With the rise in technology, the barriers between communication have been filled by the social media apps that have secured a warm place on our mini-me’s i.e. cell phones. Now making a call to your cousin who lives down the lane or the one who lives overseas is just a swipe away.
This, in turn, has made it easier for us to keep in touch with our long lost friends and people are now hooked on each other like paper and pin. Now to even think about getting bored or lonely would be an excuse for being lazy. But it has more to do than that as sometimes you are not physically lonely but are stranded alone in a room full of people.
Even socializing cannot keep you away from feeling lonely because it’s the intimacy that you are lacking. And if you have felt like this for a longer period of time, where loneliness doesn’t seem to leave your hand then you might be suffering from chronic loneliness.

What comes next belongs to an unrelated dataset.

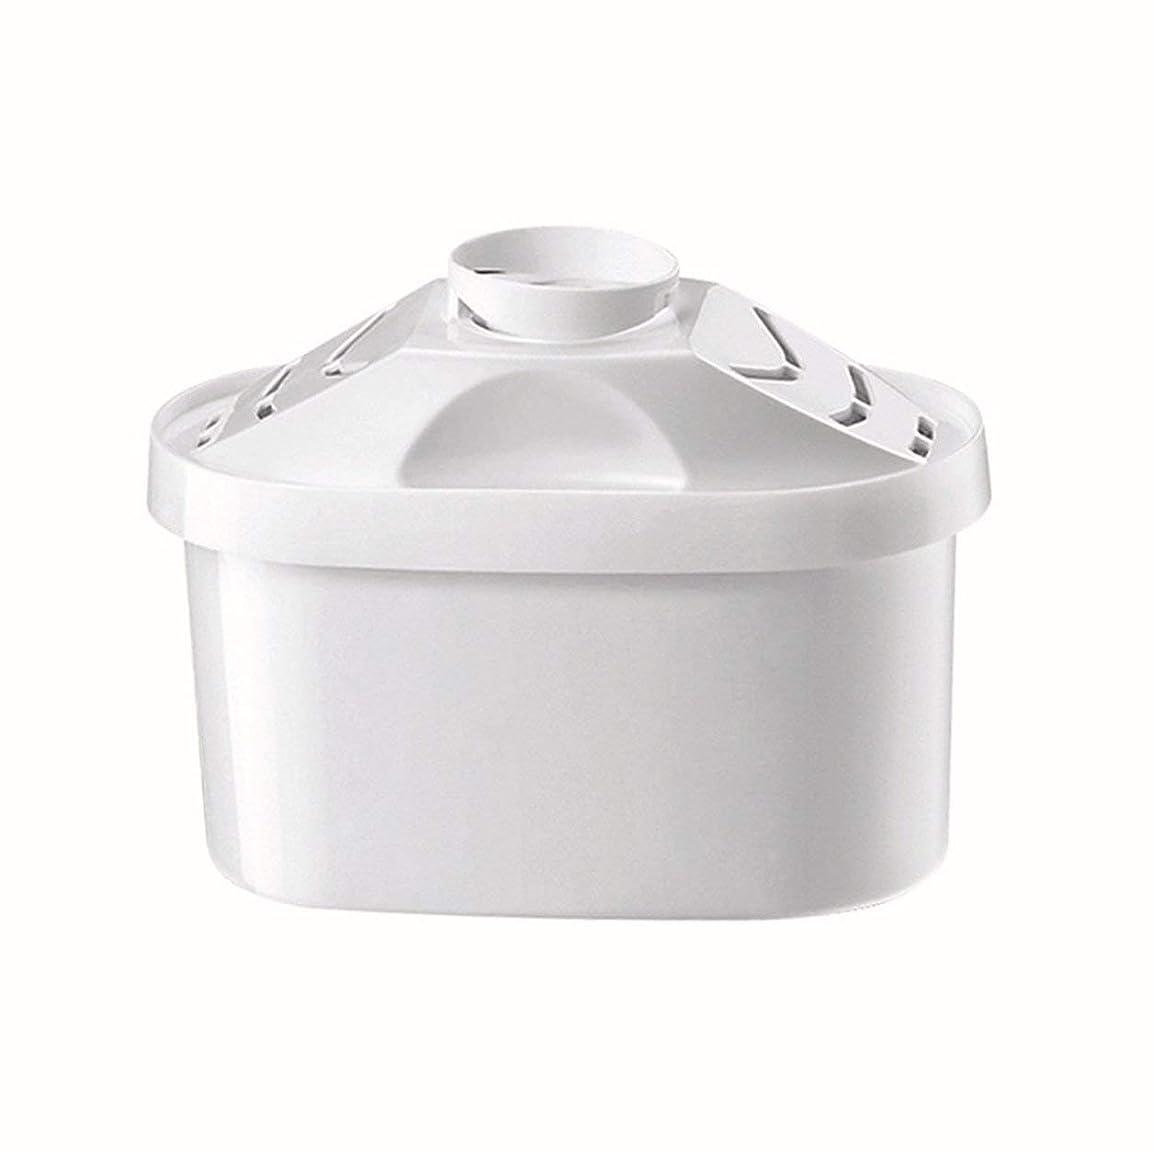 バンガロー肌延期するSaikogoods ブリタの水のピッチャーのためのケトルフィルター 活性炭 水フィルターカートリッジ 健康的なクリーンデバイスを 精製 白

Not enough emphasis has been given to chronic loneliness and many still consider it as a light affliction or a minor inconvenience. Many neurologists, physiologists and psychologists have claimed that chronic loneliness has overwhelming health risks. Some even lead to dementia, early death and paradoxically anti-social behaviour.

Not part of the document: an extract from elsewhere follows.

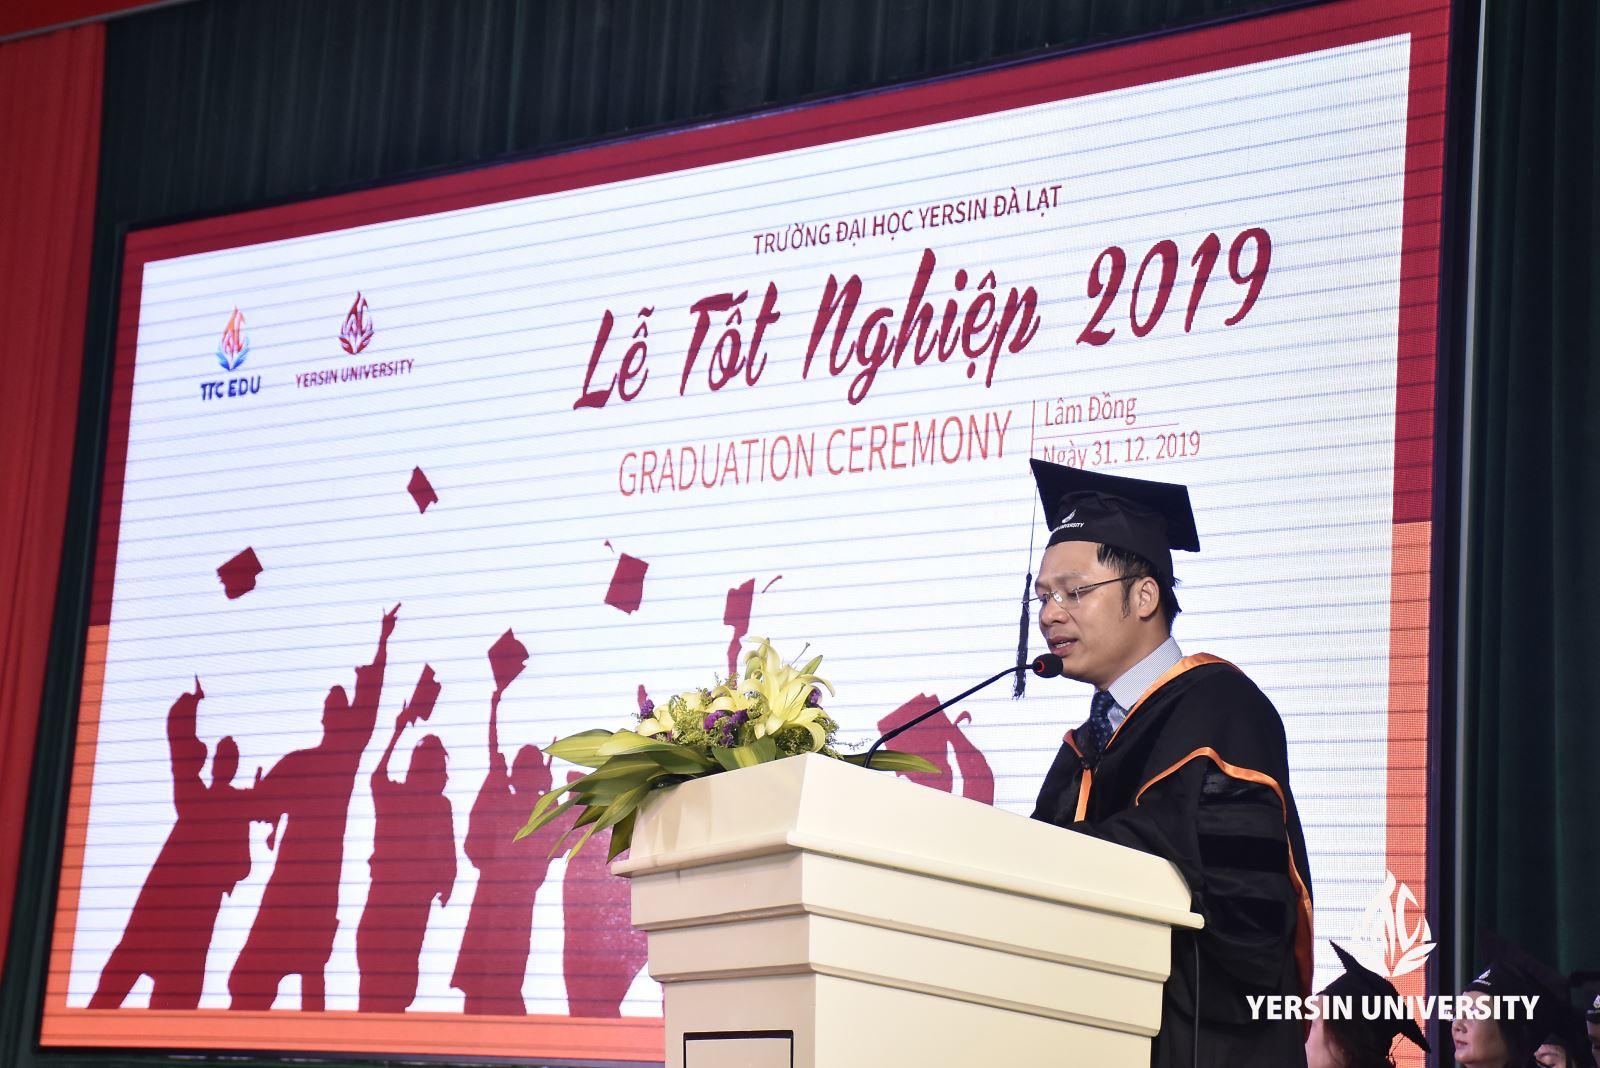 Lễ tốt nghiệp, Trường Đại học Yersin Đà Lạt

Elderly people especially those in their 70’s and 80’s know how sickening loneliness can be after the loss of their significant other. No matter how hard you try, you just cannot fill the void and people can only offer words of sympathy instead of giving you a warm company. What makes it more brutal is that unlike depression, there are no medications or therapy sessions that could cure chronic loneliness.

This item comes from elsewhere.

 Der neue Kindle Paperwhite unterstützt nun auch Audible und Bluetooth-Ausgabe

The latter can only be cured by a needed company and investment of time. Longtime married couples who have lost their partners have battled chronic loneliness at a deeper level. The loss of someone who has endured the wrath of time with you can have a lasting impression on your life. Their habits, thoughts and absence can affect you so much that you won’t find comfort in anything you do. You’ll search for them in every new person that you meet, but this will only lead to disappointment.
The lack of social connection or bonding can be considered as one of the reasons why loneliness has become debatable. Now more and more families are becoming nuclear and children have to move out of town in search of work. Many youngsters who end up in the corporate field find it difficult to balance between work and maintaining relationships.
Many distance them from their near and dear ones. As they feel they no longer are a part of their life and they shouldn’t bother them. The tedious 9-6 schedule, the endless office gossips and backbiting sap out the energy and desire to have a meaningful conversation. This usually makes them dull, devoid of having a heartfelt connection with people.
The reason being that we associate bonding with warmth. Therefore, lonely people often crave long hot showers as they relate company with ‘physical warmth’ and having long hot shower gives them relief. To find a correlation between this, a survey was conducted in 2013. Wherein, people going through a long-term phase of loneliness usually took long, hot showers and baths. This can be linked to actual physical “warmth” being shared between people, having hot shower would imitate the early social bonding phase.
Loneliness has been linked to several health problems but one of the most striking is having a weaker immune system than a socially satisfied person. According to the stats presented by the University of California at Los Angeles (UCLA). The immune system shift focus in lonelier people, focusing on bacteria rather than viruses. Therefore, lonely people are more prone to viral threats.
It has been found that people who aren’t happy with their social life don’t hit the deep stages of sleep. As they are socially deprived they don’t channelize their energy to the fullest. Such people doze off during the day and stay awake at night.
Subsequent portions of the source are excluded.